Phylogenetic analysis using RdRp domains of endornaviruses

All endornaviruses have an RdRp (PF00978), which catalyzes the replication of RNA from an RNA template. According to the Pfam database, only viruses (427 species) possess RdRp domains (PF00978). To find possible origin of the RdRp in the genus Endornavirus, we first collected sequences highly homologous to that of the RdRp of BPEV, and most of these sequences were derived from other endornaviruses and single-stranded (ss) RNA viruses. The phylogenetic tree based on the RdRp sequences includes two distinct clades (Supplementary figure S3A). The first clade consists of solely endornaviruses along with two different ssRNA viruses, Lilac Ring Mottle virus and Apple stem pitting virus, whereas the second clade contains solely ssRNA viruses.

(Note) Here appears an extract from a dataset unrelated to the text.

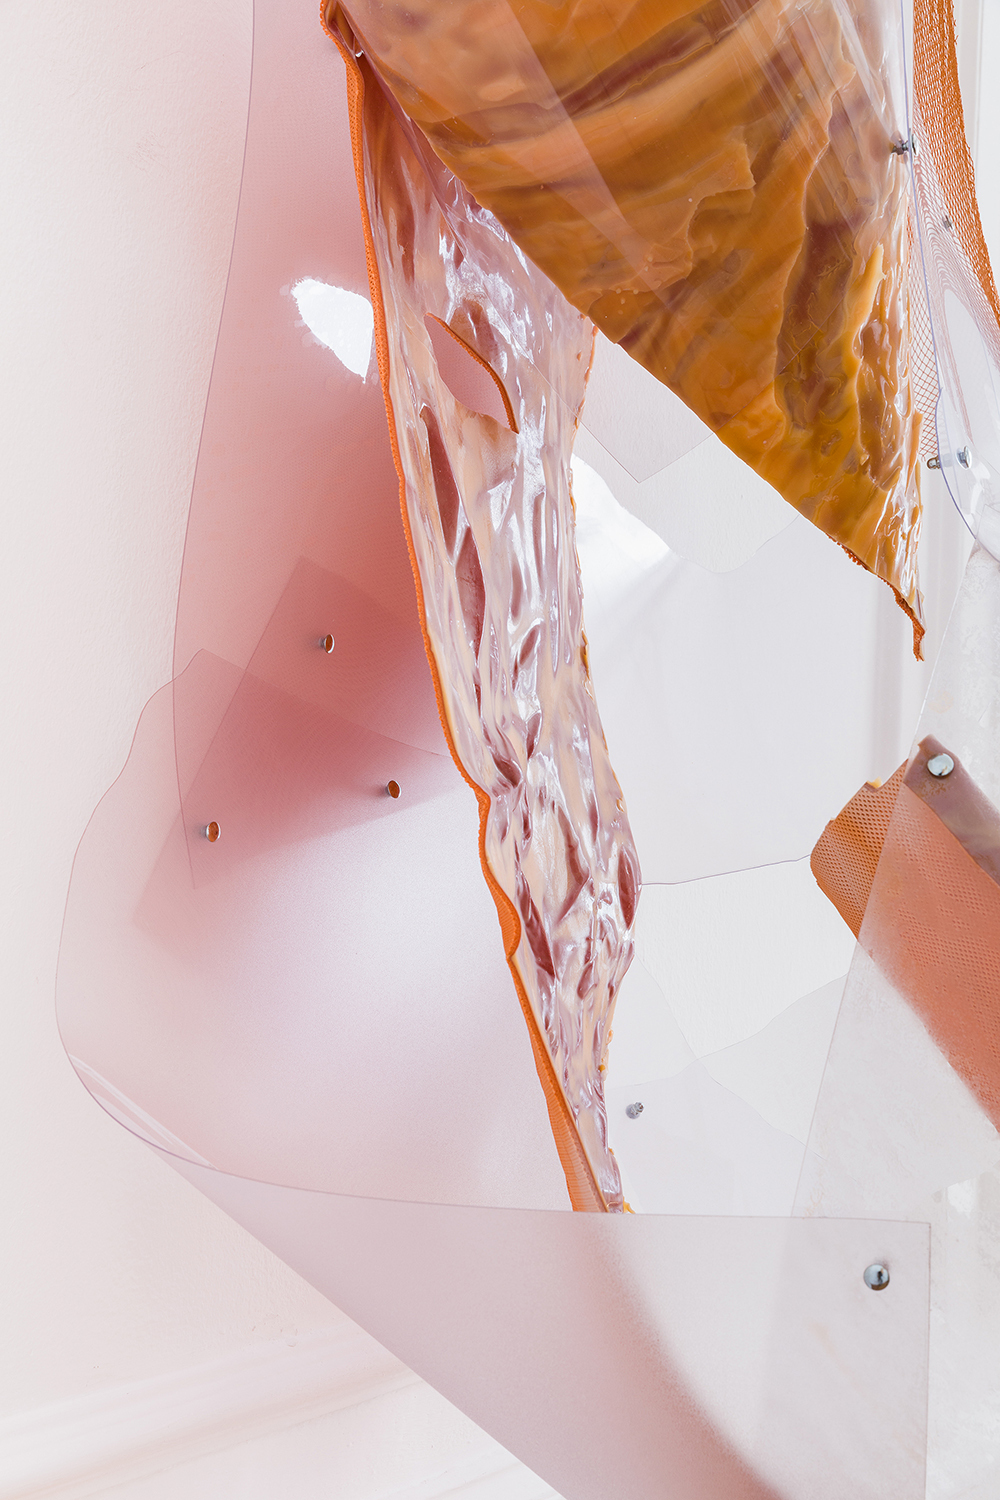 Sophie Hirsch you, non you, all you #1, 2020 Silicone, fabric, pigment, polycarbonate 95 x 310 x 91cm Detail view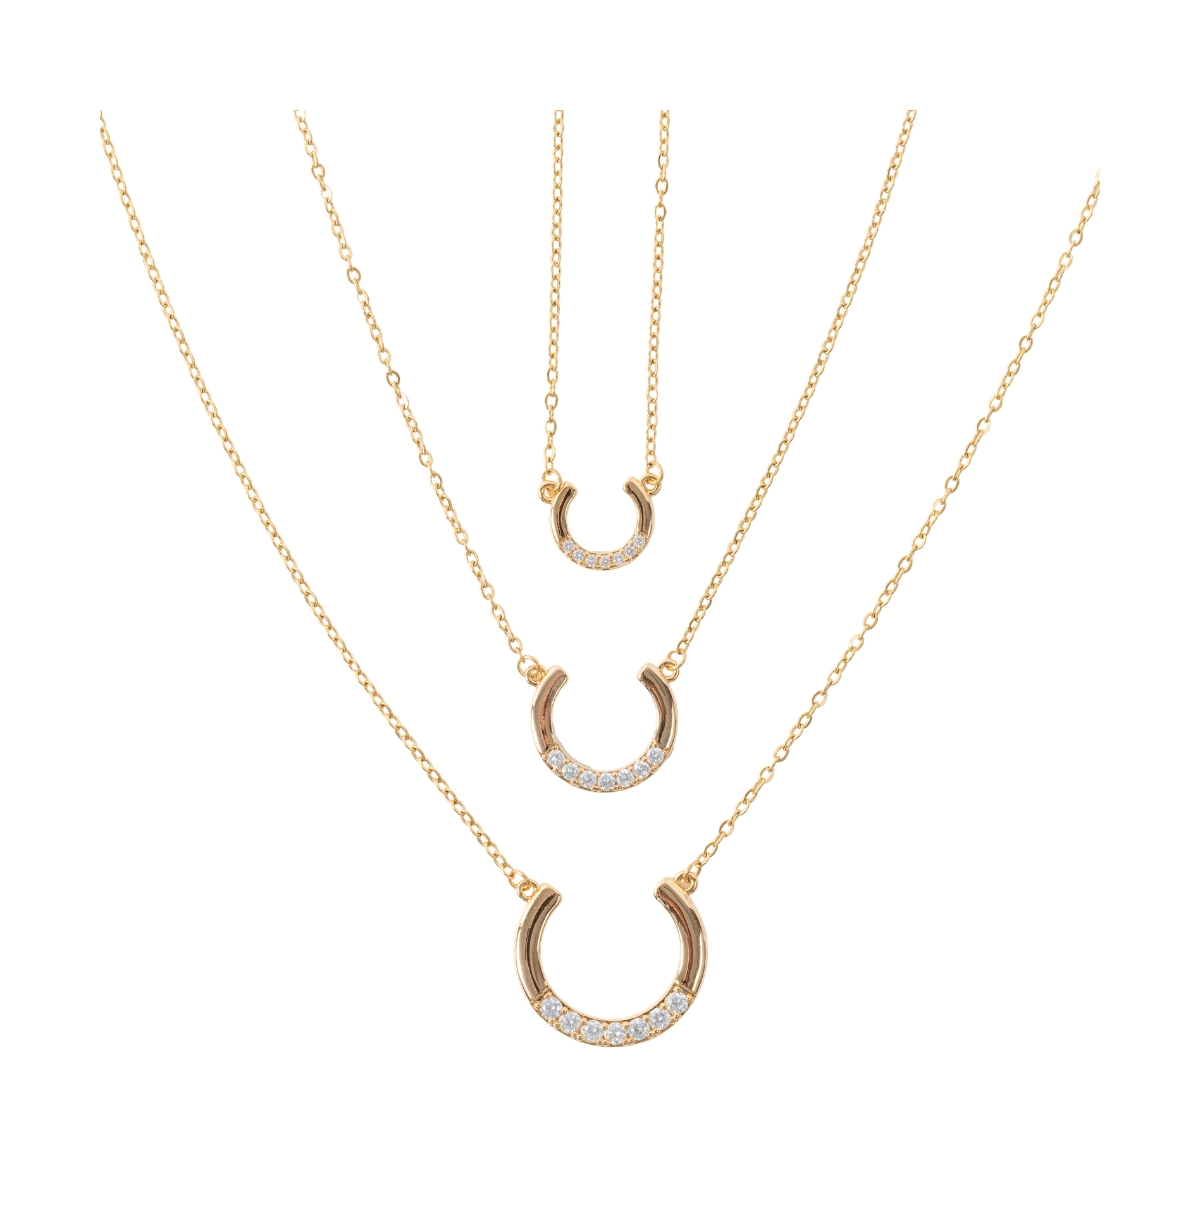 316L Slayer Gold-Tone Crystal Horseshoe Necklace Trio - Gold filled stainless steel

Two endornaviruses, GaBRV-XL and TaEV, that infect fungi contain the DEAD box helicase (DEXDc) domain (PF00270). A total of 3,526 species, including 2,661 bacteria, 561 Eukaryota, 142 Archaea, and 200 viruses, possess a DEXDc domain according to the PFAM database. A phylogenetic tree was constructed using the sequences highly homologous to the DEXDc sequences of GaBRV-XL and TaEV, and this tree contains two clades (Supplementary figure S3B). The first clade contains various bacteria in addition to two endornaviruses and one fungus (Sclerotinia sclerotiorum). Two other viruses, Modoc virus and Simian varicella virus, belong to the first clade. In contrast, the second clade consists of various organisms including green algae, protozoa, and Archaea.

Prediction of horizontal gene transfer for each domain in endornaviruses

The phylogenetic analyses suggested that at least BPEV and OsEV acquired several domains via HGT. It is likely that HGT of glycome-related domains might have occurred among different organisms. To assess this possibility, we compared trees between given pairs of species and domains as described in the materials and methods. We excluded endornaviruses from the analyses, as these are not assigned to the tree of life. In the case of the GT28 domain, at least four independent HGTs have occurred among plants, fungi, and bacteria (Figure 4A). The GT28 domain in plants might have been transferred to Geomyces pannorum, T. pseudonana, and Vibrio coralliilyticus. The Bacillus megaterium obtained GT28 domain from T. pseudonana. The GTSs of two proteobacteria, M. maris and Thalassiobium sp., might have been horizontally transferred to the genome of T. pseudonana (Figure 4B).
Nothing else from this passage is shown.